Cascading in Amazon and their Marketing Strategy

One of my favorite features of having the Kindle App is that when I finish a book or movie, I can go onto Amazon.com and expect a well put together list of other recommended books and movies based on the one that I just finished, but as well as previous purchases.

Normally, movie or book recommendations come from networks of friends or coworkers or any group of people who you are in frequent contact with. Then, this information would tend to spread in a cascading fashion, reaching many people due to ‘word of mouth’.

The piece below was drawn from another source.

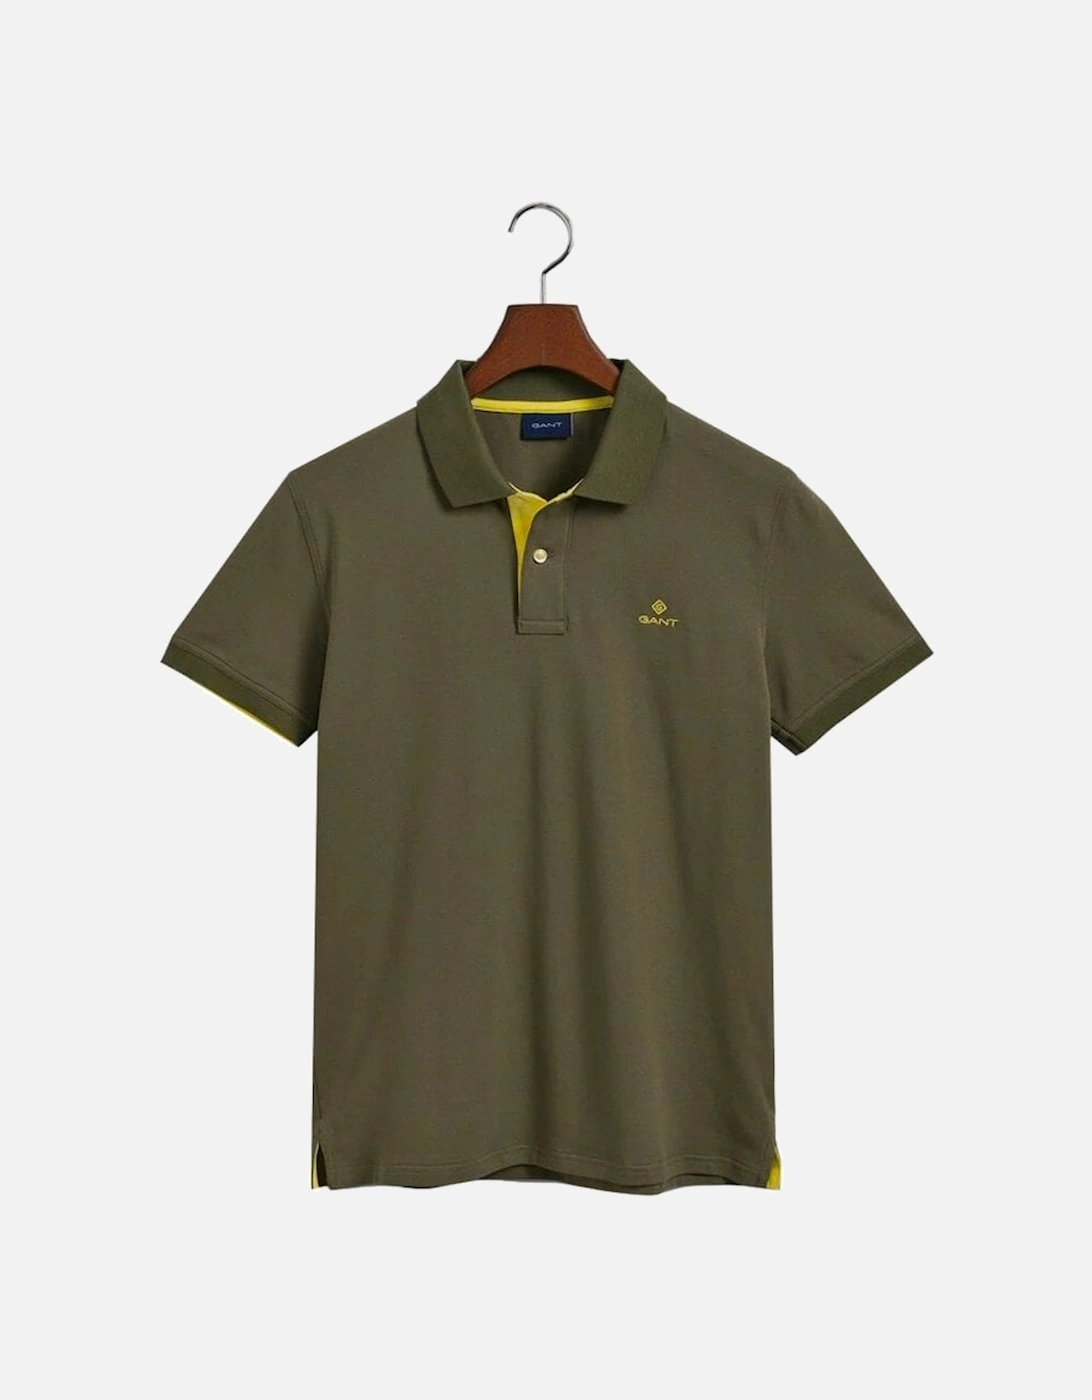 Contrast Collar Pique Short Sleeve Polo Shirt Racing Green, 2 of 1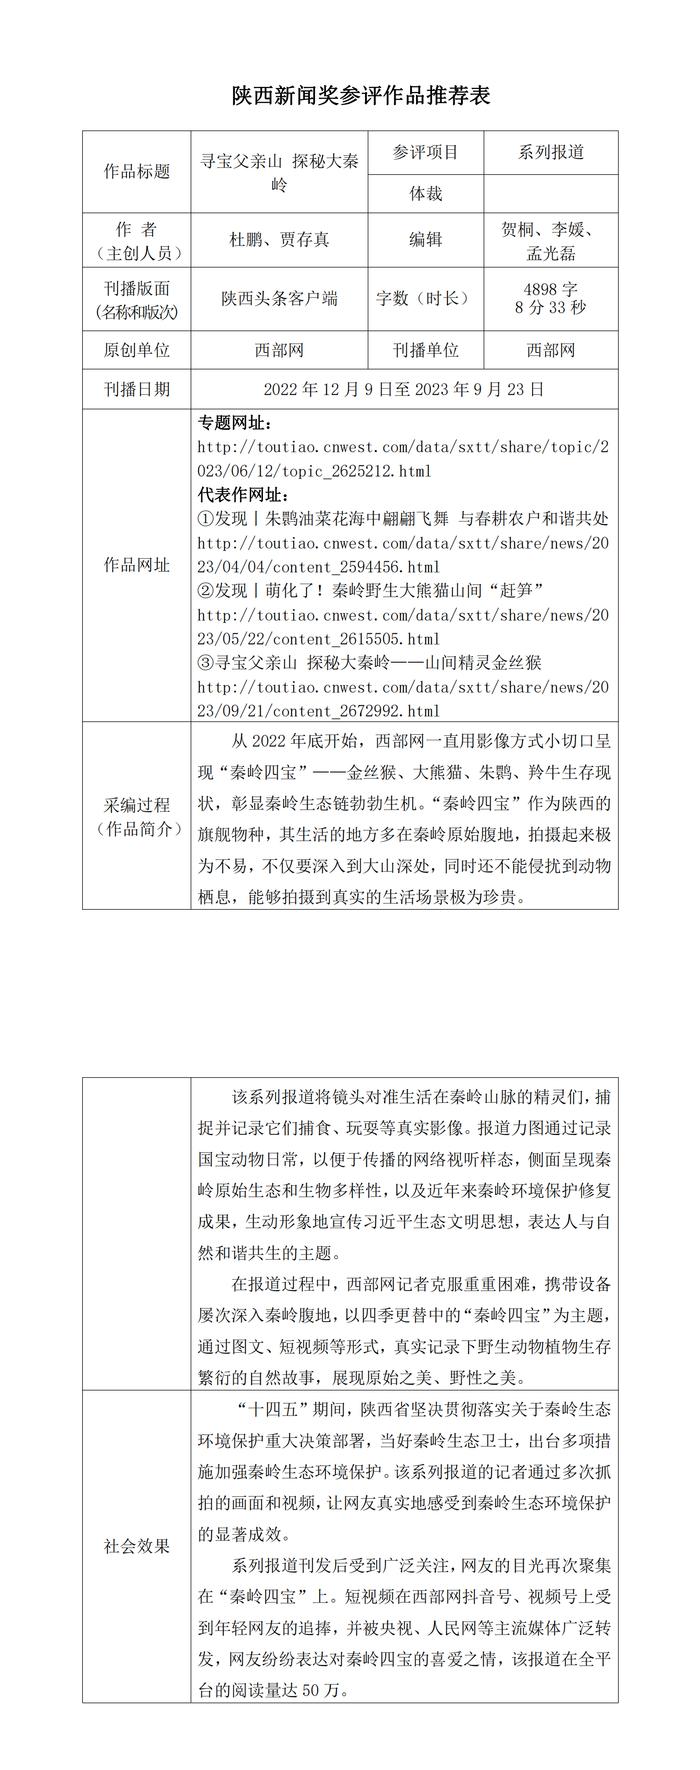 西部网关于申报2023年度陕西新闻奖作品的公示

When it comes to the strategy of Amazon (as well as other companies such as Netflix) in theory, the network which recommends you what book to read comprise of complete strangers who we assume have nothing in common except the types of books they like to read. Amazon found a way to capture this phenomenon and use it to their benefit. Amazon gives personalized recommendations based on prior purchase patters.

When people recommend goods, by rating them and or writing reviews, purchases of that item will go up. However, I would think that purchases depend not only on recommendations, but also the number of recommendations, the number of people receiving those recommendations, how other people rate/ review the product, and the price of the product.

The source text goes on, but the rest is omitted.